Penny Hardaway Couldn't Sound More Soft As Memphis' Season Officially Goes Up In Flames
Penny's Tigers are cooked.
The Memphis Tigers are not a good basketball team. The 12-12 record the team carried into their road trip to Utah State on Saturday night shows that the Tigers are the definition of average, but after their 99-75 loss, Penny Hardaway's message all but proves that he, along with his team, is officially done.
The contest was essentially over at halftime with Memphis trailing by 14 points given that the Tigers have won just two true road games all season. Despite the fact that Memphis played its way into a 76-55 hole with 10 minutes left in the contest, Hardaway took exception to the Aggies ‘running the score up’ instead of his team showing any ounce of fight.
Hardaway didn't appreciate the fact that Utah State scored two buckets in the final 30 seconds of the game. That last bucket was a ferocious windmill dunk by MJ Collins Jr. that put the exclamation point of all exclamation points on the game.
Hardaway was then seen telling Collins, "don't do that, bro" as the team shook hands after the game.
Hardaway personally telling Collins that he shouldn't be hammering home windmill dunks in a game that had long been over is fair; plenty of coaches would wait to voice those complaints through the media.

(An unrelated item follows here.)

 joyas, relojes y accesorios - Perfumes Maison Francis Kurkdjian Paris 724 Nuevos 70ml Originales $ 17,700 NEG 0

However, the message Hardaway shared with the radio broadcast after the contest was weak.
"You can’t do what they did. You can’t keep scoring the ball," Hardaway said. "We came out here to play this game. You gotta have more class than that. It ain’t even just that last one. It was the rest of them. You just gotta have some type of class, seriously."

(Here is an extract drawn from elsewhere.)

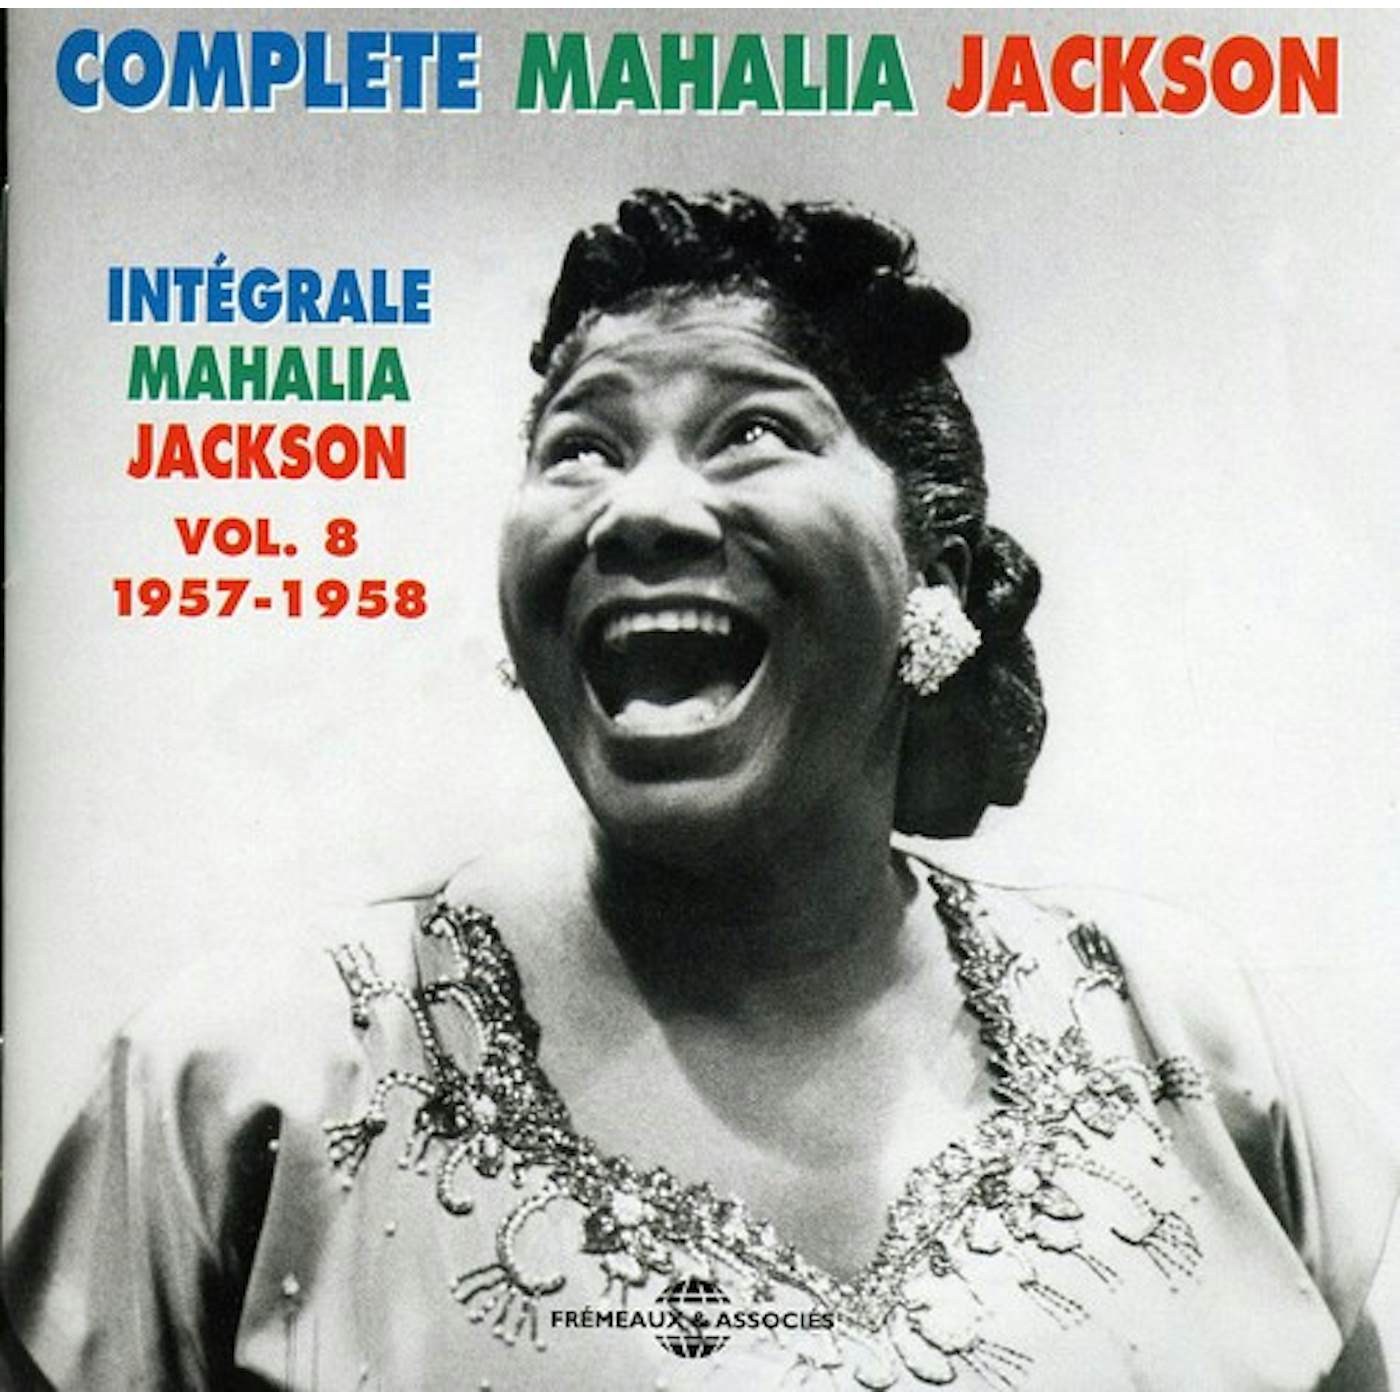 Mahalia Jackson VOL. 8-INTEGRALE CD

That sounds like something a high school coach would say, not a former four-time NBA All-Star turned head coach of a team that has been to the NCAA Tournament three of the last four years.
Sure, Memphis had to make the trek out ot Logan, Utah to play a game, but to complain about that fact makes it sound as if he himself gave his own guys very little chance to truly compete in the game.
That's not the type of message you want to portray as the head coach of Memphis while discussing a game against Utah State.